[[ INPUT DATA open ]]

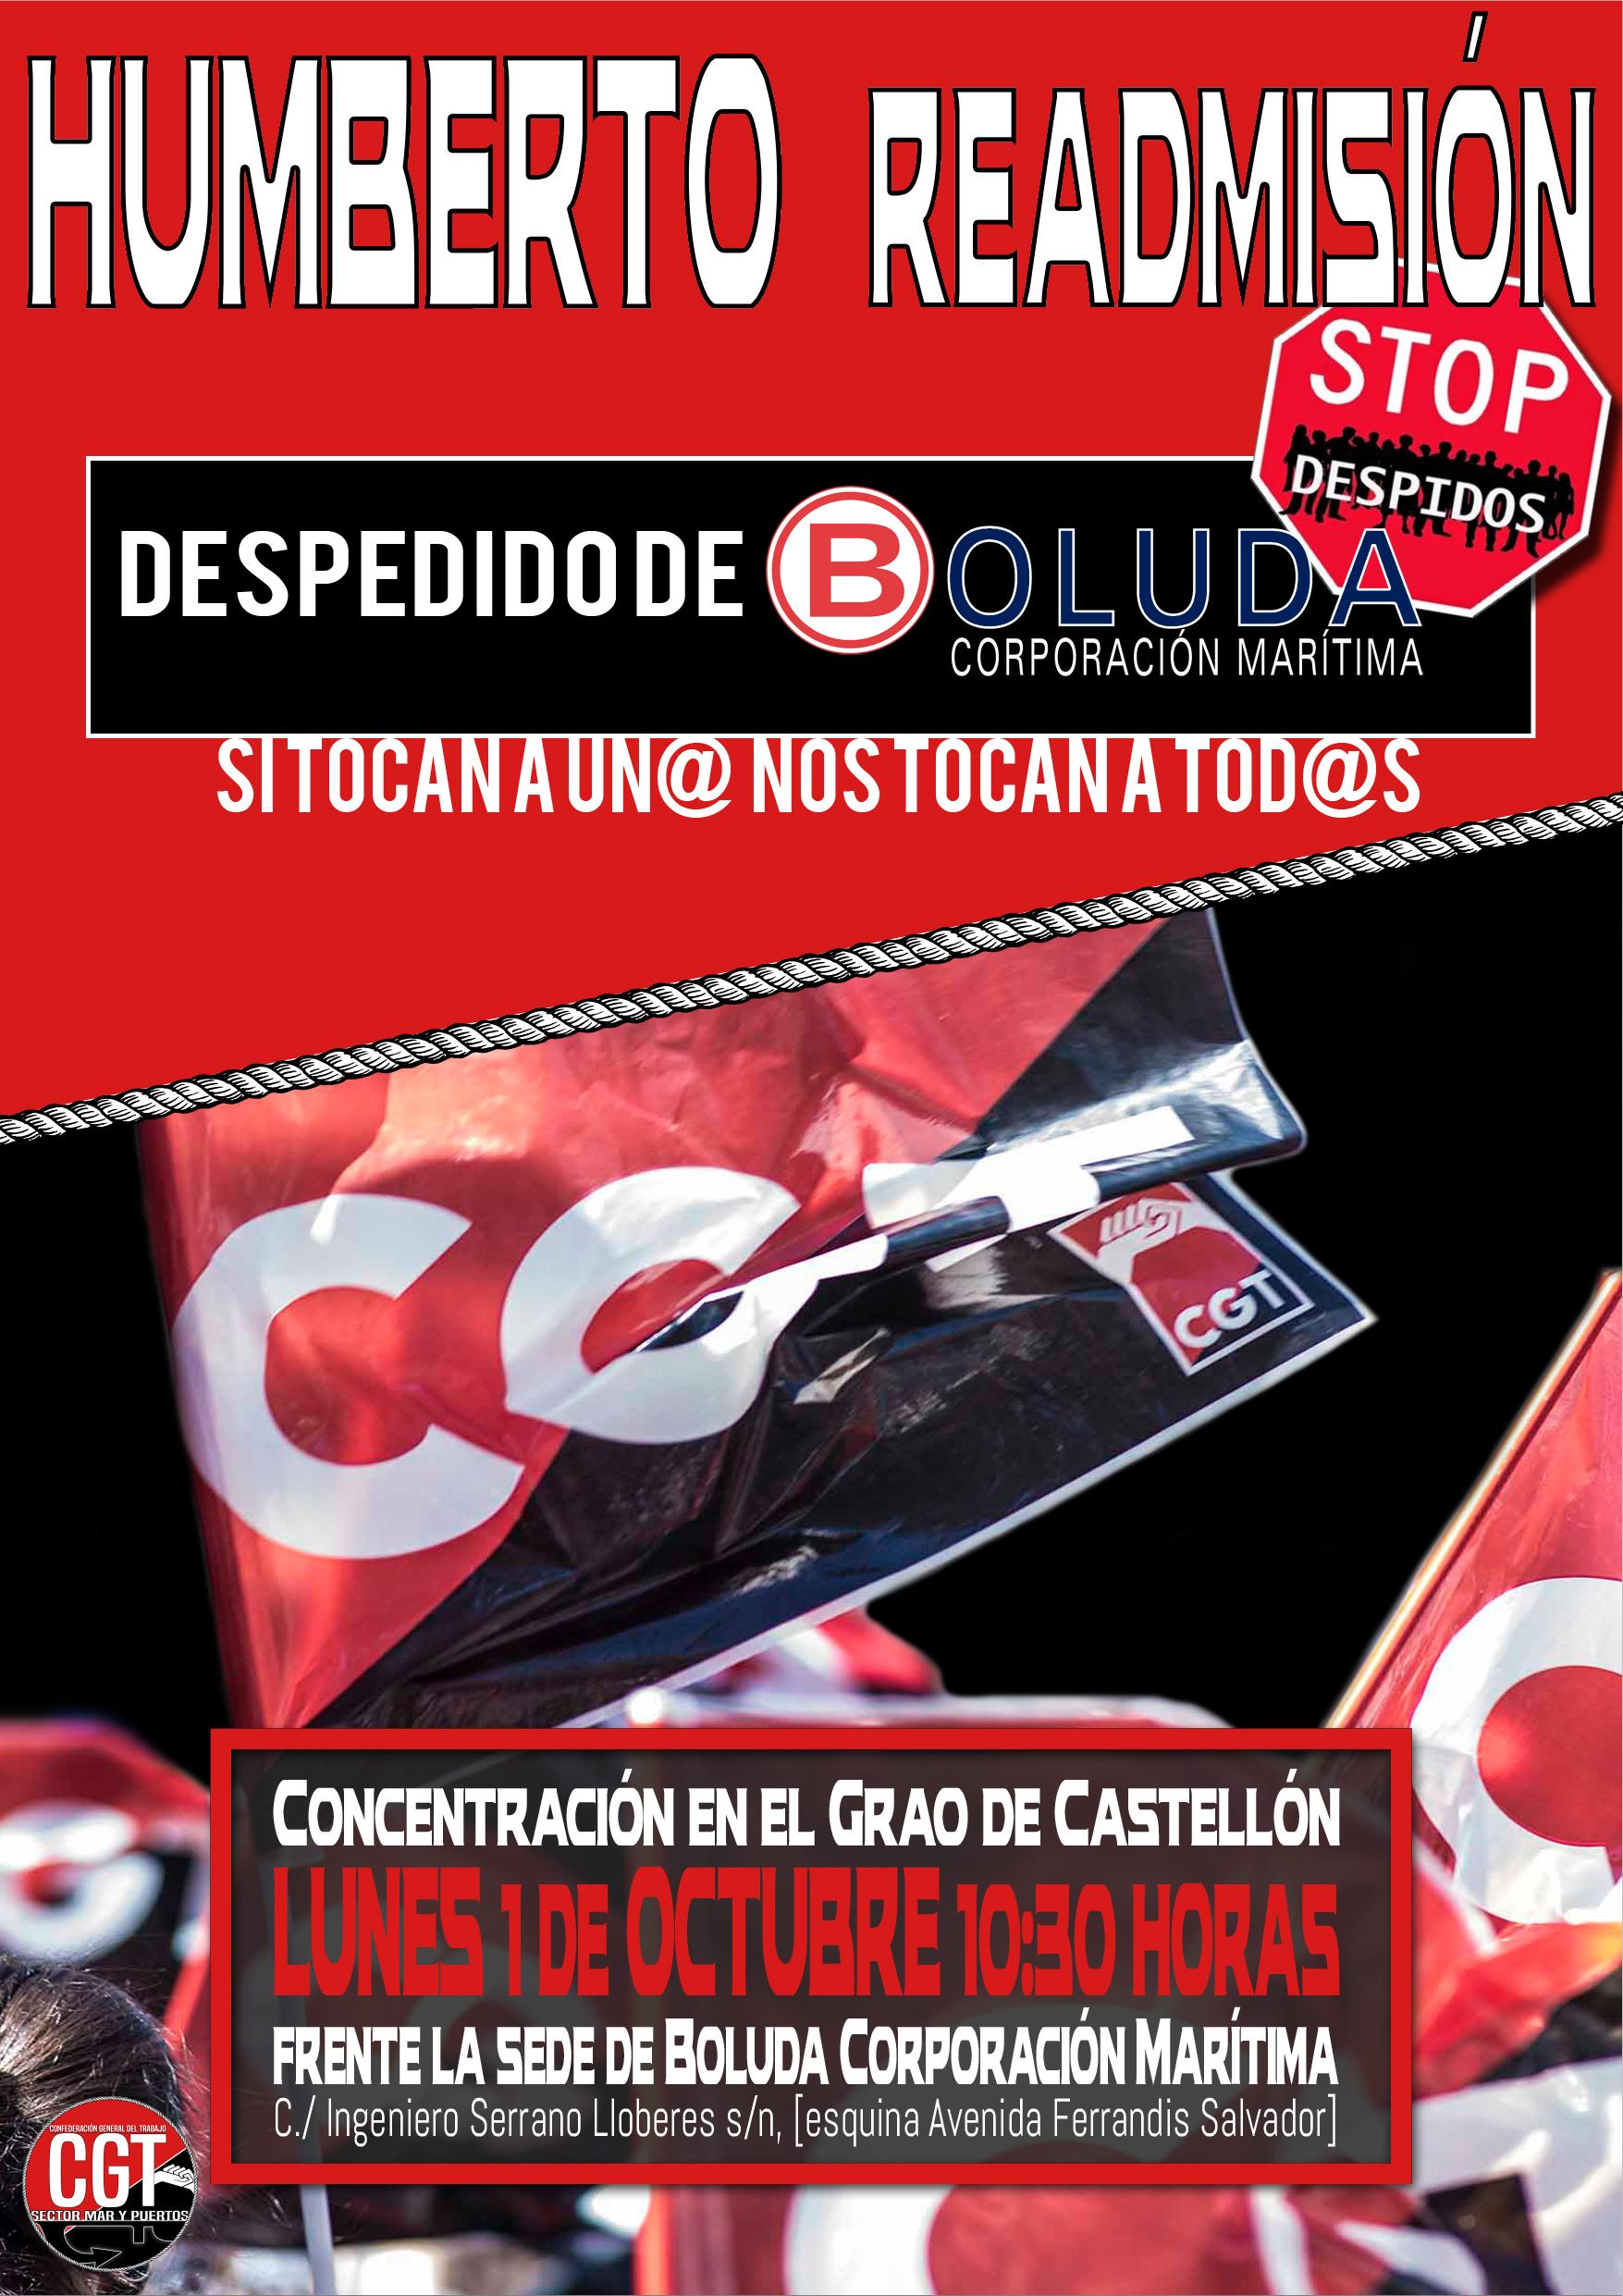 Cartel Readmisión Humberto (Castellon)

[[ INPUT DATA closed ]]
[[ INPUT DATA open ]]

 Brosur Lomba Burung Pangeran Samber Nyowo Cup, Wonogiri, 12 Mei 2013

[[ INPUT DATA closed ]]
[[ INPUT DATA open ]]

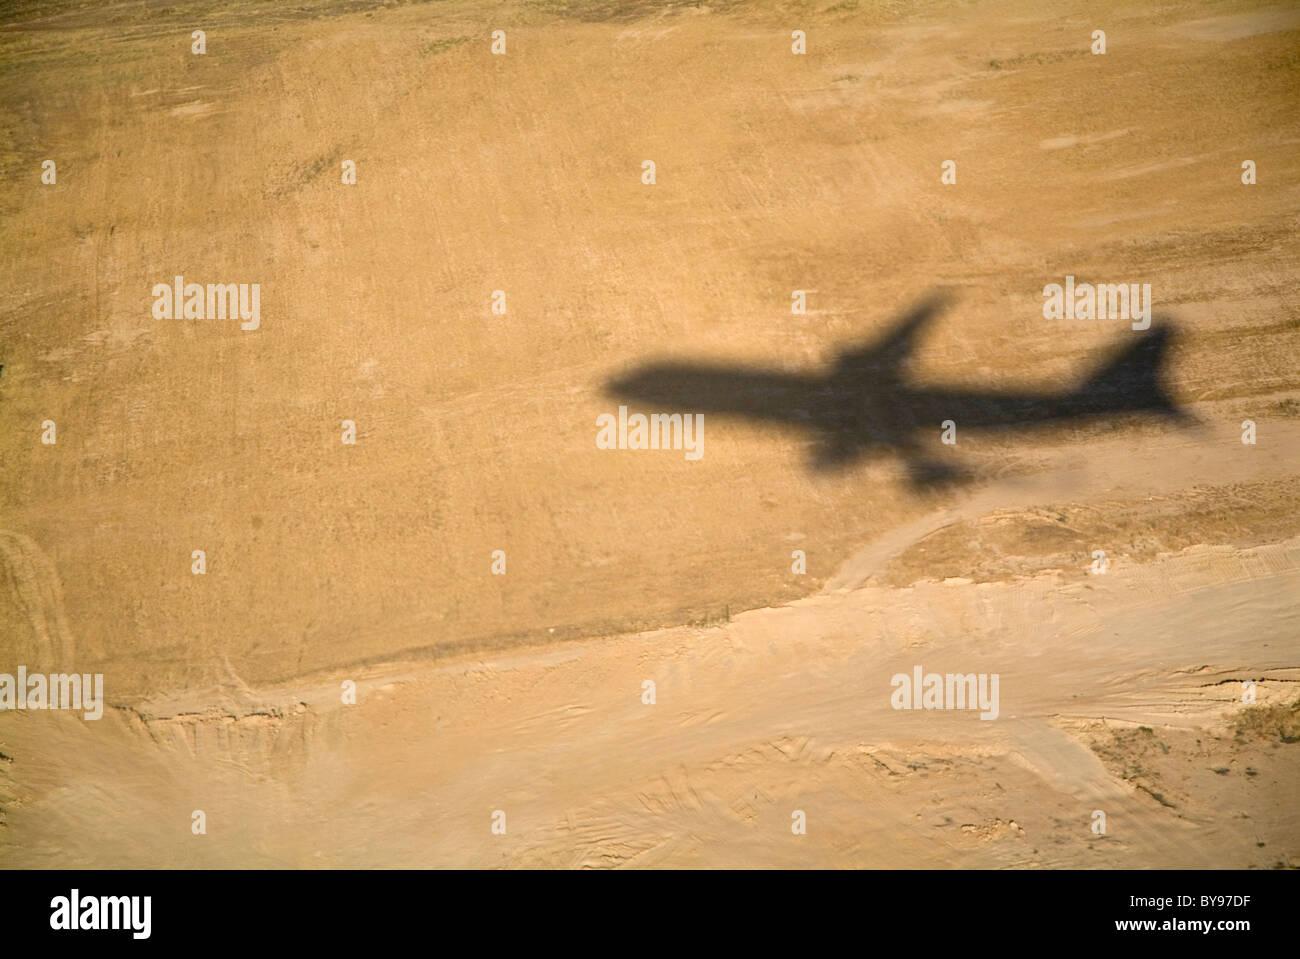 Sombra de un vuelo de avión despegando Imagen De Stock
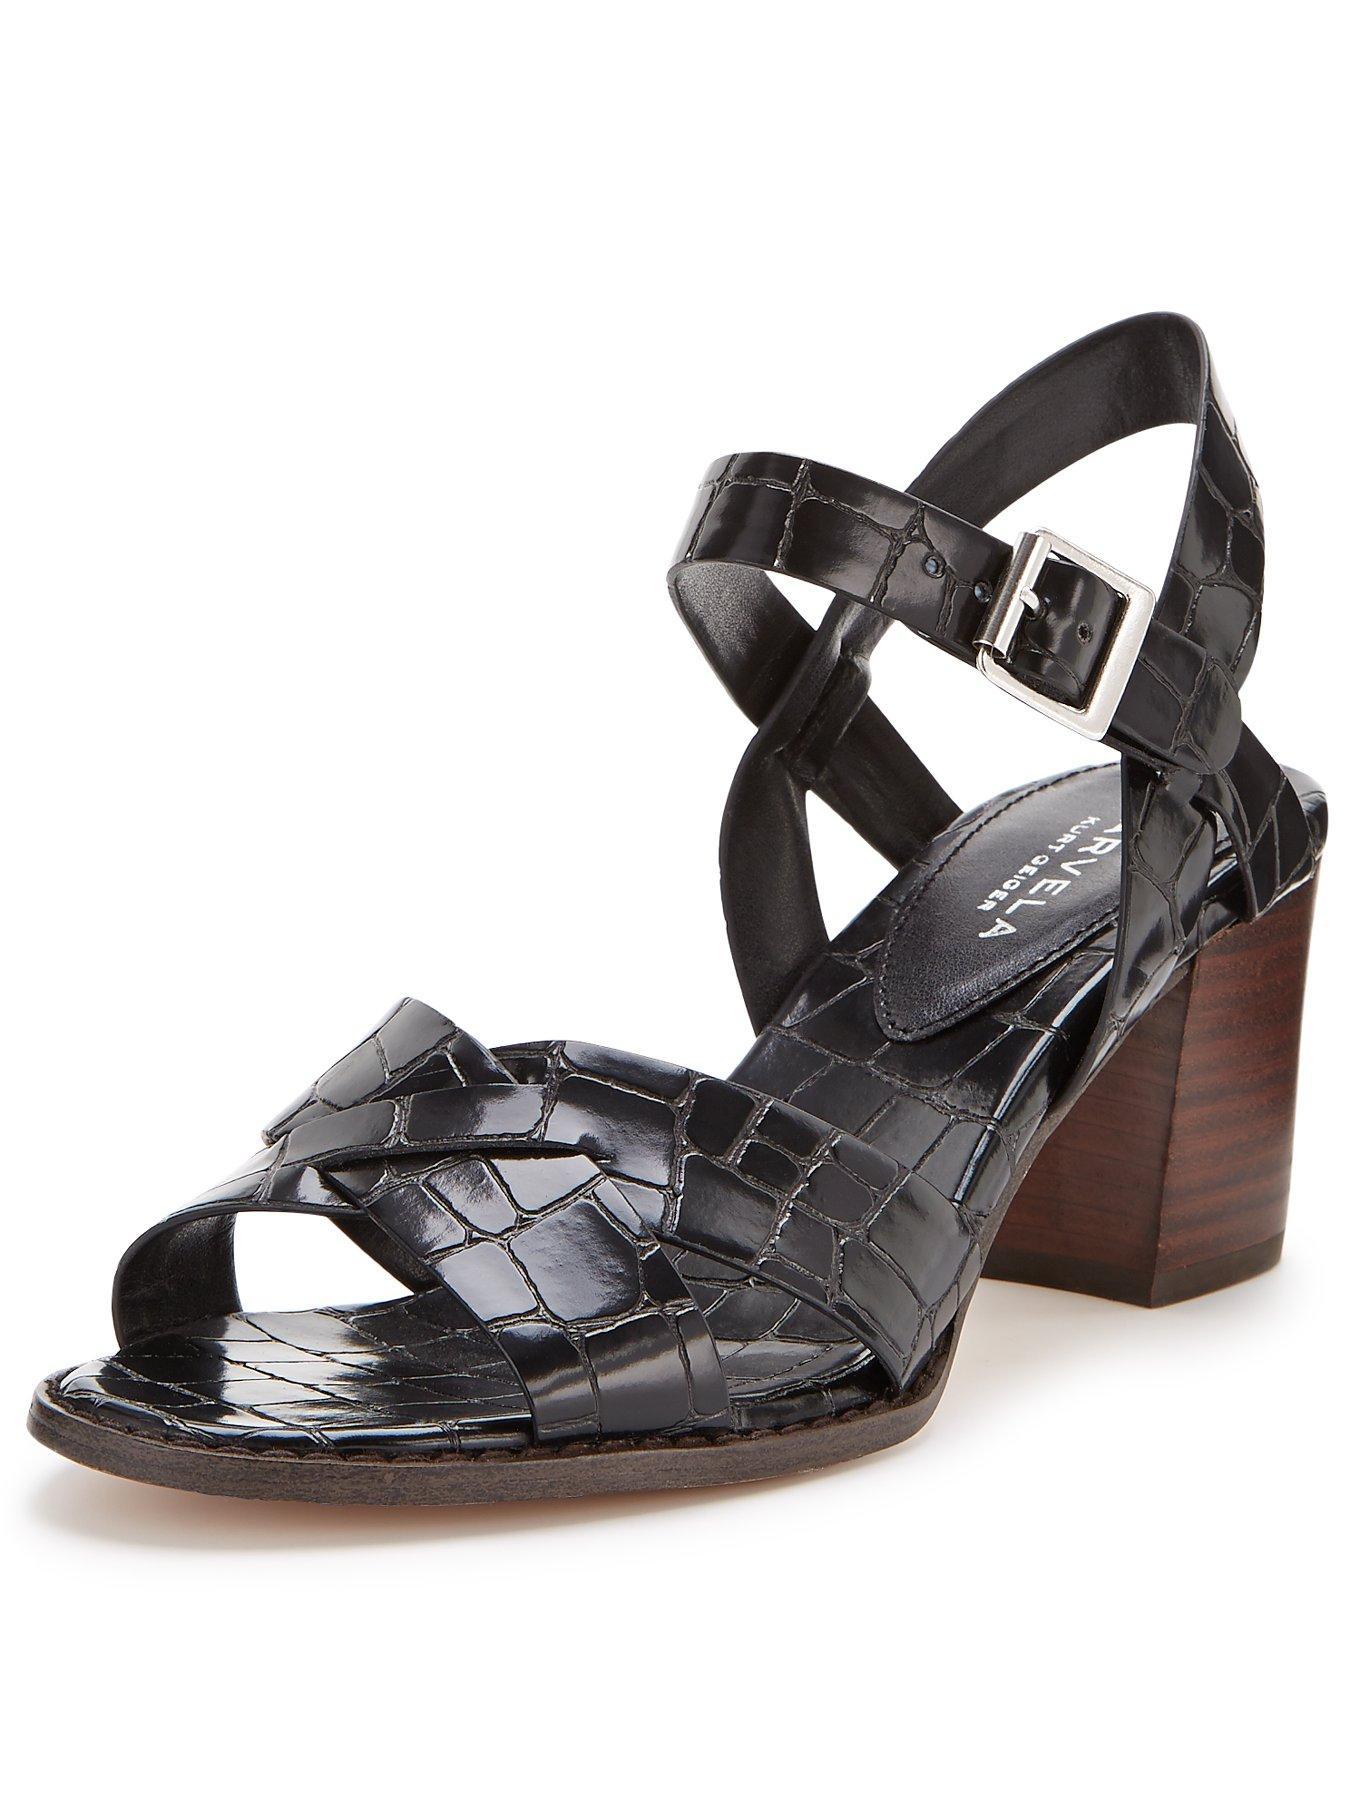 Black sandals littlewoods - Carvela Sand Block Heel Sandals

[[ INPUT DATA closed ]]

• _YOUR GOAL_
Within the material above, find the part that opens with the line containing "Sombra de un" and closes with the line containing "Black sandals littlewoods", and reproduce it exactly without the pictures.

• _ANSWER BOX_
 Sombra de un vuelo de avión despegando Imagen De Stock
 Black sandals littlewoods - Carvela Sand Block Heel Sandals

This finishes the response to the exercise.